# What are some nicknames you've heard used for drywall finishers?



## Shelwyn (Apr 10, 2015)

Hey guys just wanted to know what drywall finishers are called around the world. Also super interested in derogatory names for us haha.

I was working the penthouse for a fairly tall building when a carpenter called us mud monkeys. It's stuck with me since. The guy was a real stuck up insulting snob but he knew what he was doing. Fairly sure he thought of all drywall finishers like drunk idiots throwing mud on everything. The wood he was working with cost 2000. He had nice tools as well. Feztool. He loved so much and would just rave about them and the company. So to mess with him I bought a planex drywall sander and I remember him being fairly sad and saying something like. No not Feztool in a quiet wiser in a corner of the place. Hehe 

Anyway like we usually do we knocked that job out of the park and we have one more company that'll take our bid over cheaper competitors. 

Any neat stories like that guys?
Here's a picture of the job.








http://i.imgur.com/cOfnMYq.jpg


----------



## dnbdan (Mar 18, 2016)

We call ground workers mud monkeys!! 
I haven't heard any derogatory names for us. Usually just called tapers or full name, tape and jointers in the uk


----------



## Mr.Brightstar (Dec 2, 2011)

We called drywallers "bucket babies".


----------



## cracker (Nov 3, 2013)

pigeon farmer


----------



## cazna (Mar 28, 2010)

Called stoppers here. Or plasterers but that's also Australia's name for it.


----------



## gazman (Apr 29, 2011)

Also, Gyprockers here.


----------



## Aussiecontractor (Oct 6, 2014)

Ceiling fixers, plasterers, flushers, stoppers,hangars, fixer,wall and ceiling liner too many names I get confused when I get asked what my occupation when filling out forms 


Sent from my iPad using Tapatalk


----------



## krem (Mar 20, 2016)

plasterers here in tassie, not many crowds down here have ppl that just hang sheet or trowel up or cornice, we do it all!!
altho id much prefer to trowel up all the time!!
krem


----------



## VANMAN (Jan 14, 2011)

Ames taper!
No 1 knows what the f*ck I am speaking about when I tell them!
Or maybe I should just say I'm a chit fixer.


----------



## moore (Dec 2, 2010)

Turd polisher!

Mud framer! 

Asshole!

That broke MOFO!

Mudder!

You can call me any of these things !! But don't call me a spackler !!:furious: No where on that bucket does It say spackle ! HELL! Spellcheck says It's not even a word!!:laughing:


----------



## Arr1020 (Mar 24, 2016)

I agree "spackler" always ticks me off too. Can't figure that one out.


----------



## cazna (Mar 28, 2010)

Isn't spackle or spackling an old name for white filler used in weather board nail holes etc. I've had a few small containers of stuff called that before.


----------



## moore (Dec 2, 2010)

cazna said:


> Isn't spackle or spackling an old name for white filler used in weather board nail holes etc. I've had a few small containers of stuff called that before.

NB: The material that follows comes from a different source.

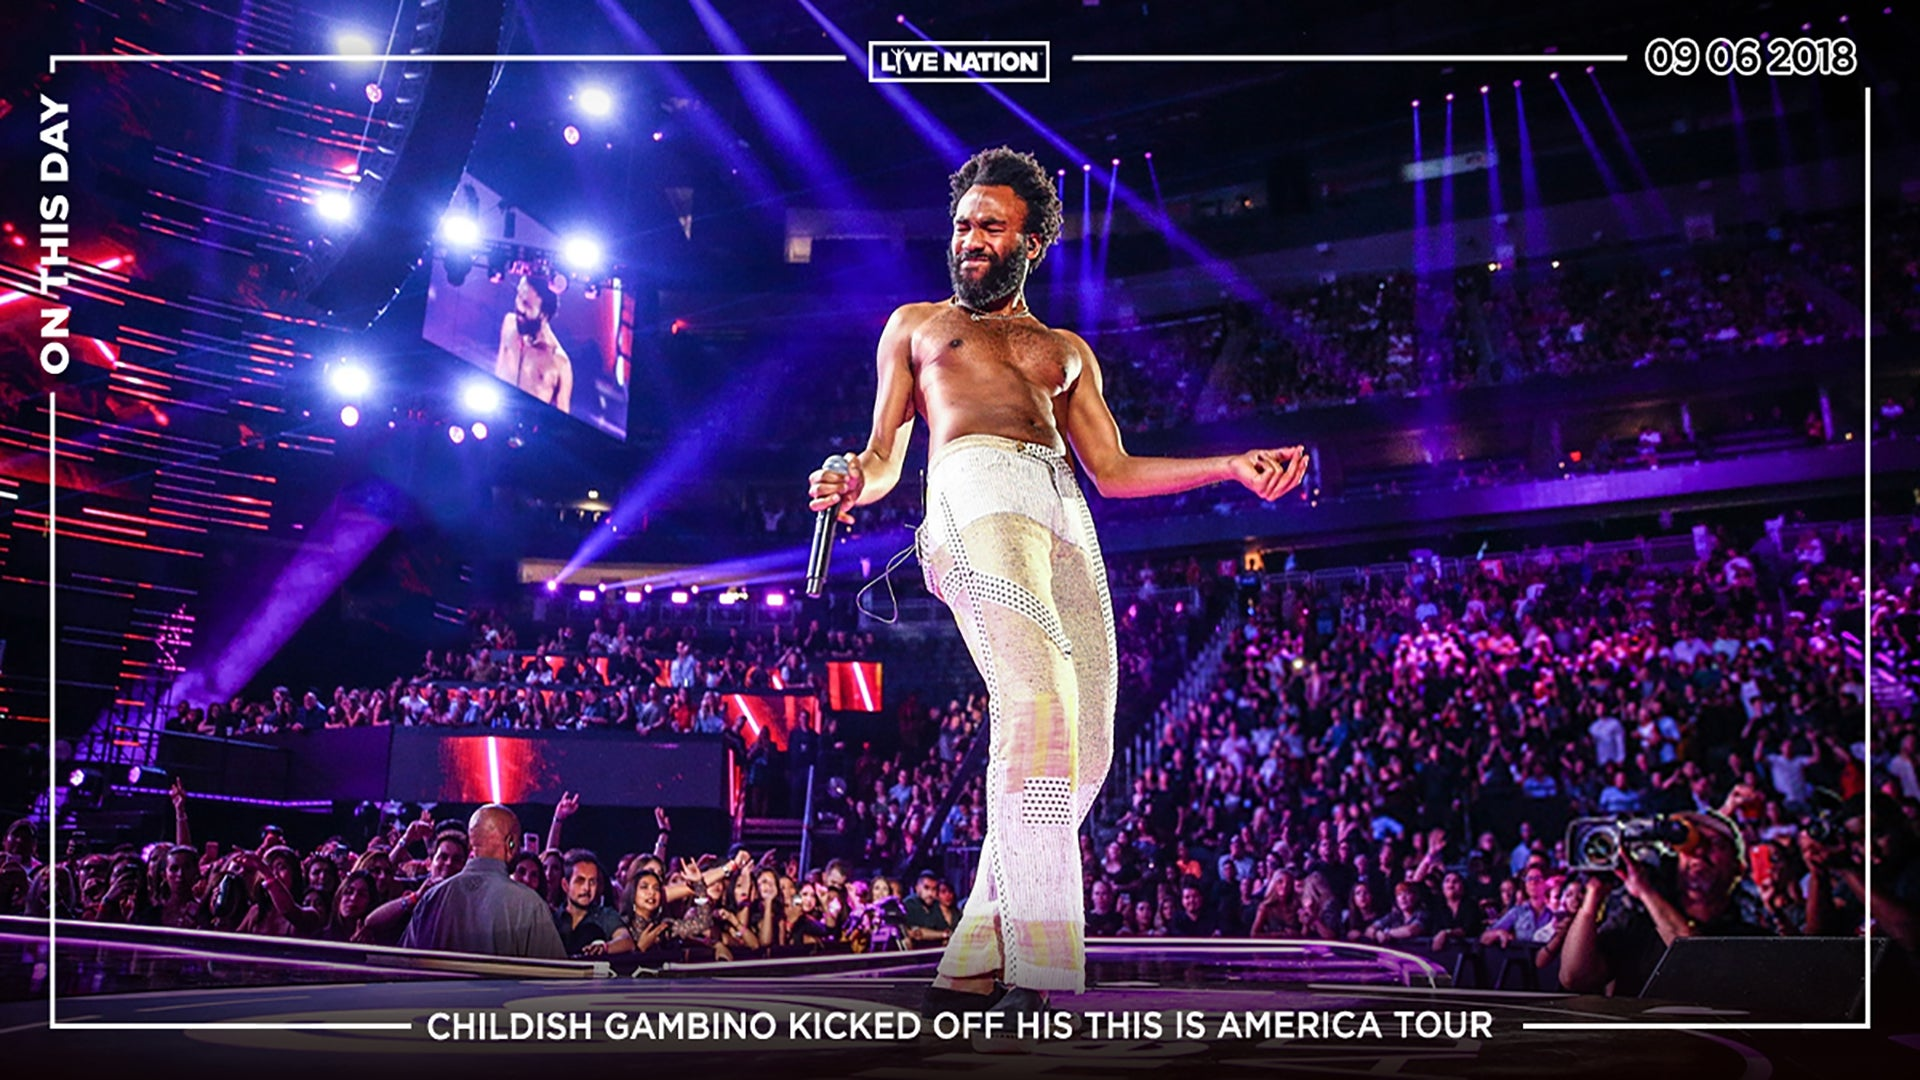 On This Day - Childish Gambino This Is America Tour

Yes , That's what painters use it for here ! So would you call a painter a spackler ?? I think not!



I picked up 6 buckets of mud a few days ago..The guy behind the 'contractors desk' said...So you want 6 buckets of spackle?

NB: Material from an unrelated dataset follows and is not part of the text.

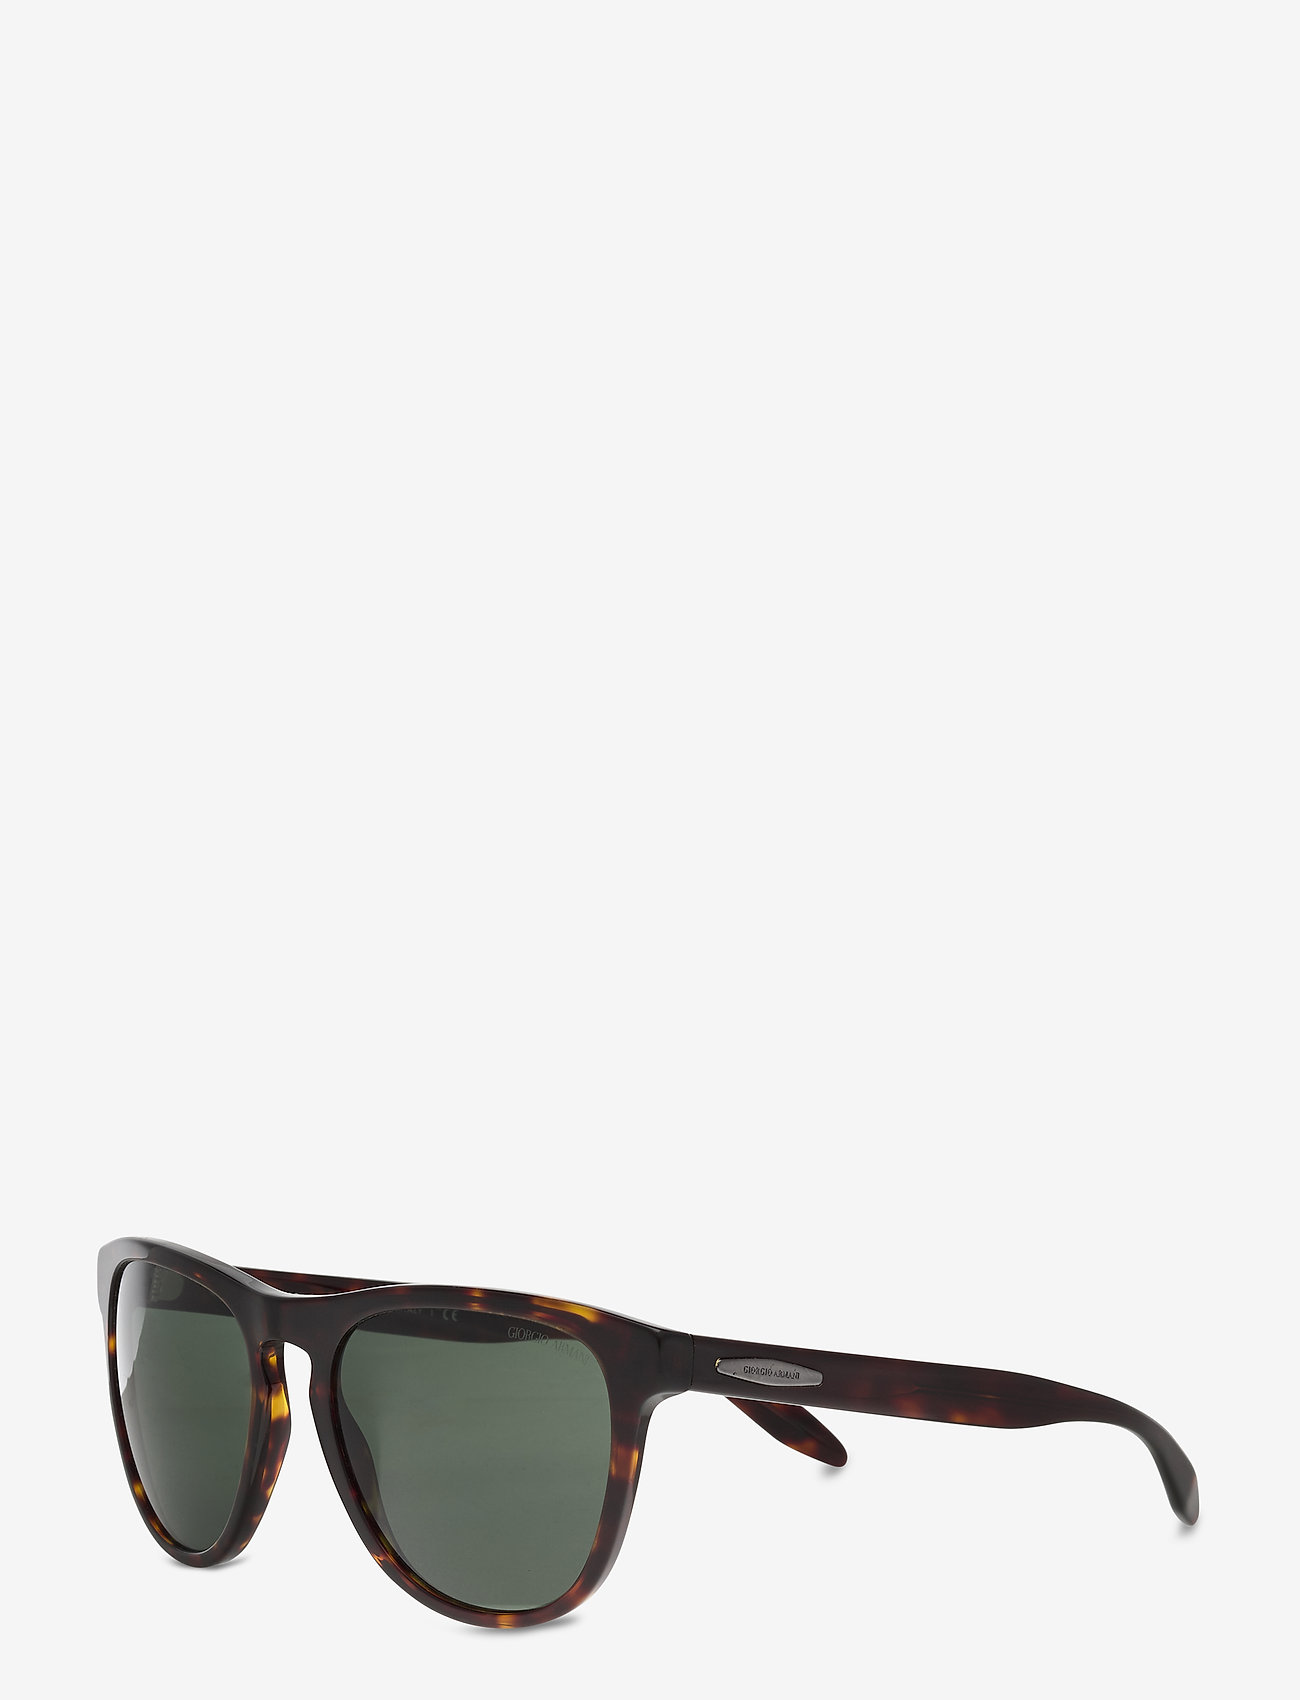 Giorgio Armani Sunglasses - 0AR8116 - d-shaped - dark havana - 1

I almost lost It!!! but ... I said yeah!!! Give me 6 buckets of that spackle!! LMAO!!! Like old Rodney use to say ''no respect!''


----------



## cazna (Mar 28, 2010)

I thought you guys up there just called painters *ankers


----------



## moore (Dec 2, 2010)

cazna said:


> I thought you guys up there just called painters *ankers


puppies !!! They never stop whining !!


----------



## MrWillys (Mar 10, 2014)

cazna said:


> I thought you guys up there just called painters *ankers


 Where I'm from we call them tapers. The technical term is drywall finisher. If union on the West coast they are in the Painters and Allied Trades. A finisher makes a little more than a painter.


----------



## VANMAN (Jan 14, 2011)

Speaking about painters,
I just finished a pig of a house about 300 sqm of pure hell!!
Everything in it was near vaults and of scaffold work!!
Lady said to me 1 day that she was going to paint it herself and I told her I am time served painter an no way would I b painting that myself!
Cut a long story short she painted the kitchen and now there is a company coming into do it LOL


----------



## dnbdan (Mar 18, 2016)

VANMAN said:


> Speaking about painters,
> I just finished a pig of a house about 300 sqm of pure hell!!
> 
> 
> ...


Mate should of just offered to paint it as well and make more money off her. Tho saying that, sounds like a bit of a job lol


----------



## VANMAN (Jan 14, 2011)

dnbdan said:


> Mate should of just offered to paint it as well and make more money off her. Tho saying that, sounds like a bit of a job lol


No fears of me doing that place!!!
I run from a paintbrush nowadays! Only good for washing tools!
I get my father when it comes to painting and he is 73 lol!!
Give me the roller then I am fine but not the brush!


----------



## dnbdan (Mar 18, 2016)

VANMAN said:


> dnbdan said:
> 
> 
> > Mate should of just offered to paint it as well and make more money off her. Tho saying that, sounds like a bit of a job lol
> ...


Haha I got to admit, being a painter would bore me to tits. Never short of work tho painters. That's One thing they have over us


----------



## cazna (Mar 28, 2010)

Brush work and cutting in is easy. You just need shown a few things. The right brush and some practice and you off. Did this last week. There is 5 different paints here in this one pic.


----------



## VANMAN (Jan 14, 2011)

cazna said:


> Brush work and cutting in is easy. You just need shown a few things. The right brush and some practice and you off. Did this last week. There is 5 different paints here in this one pic.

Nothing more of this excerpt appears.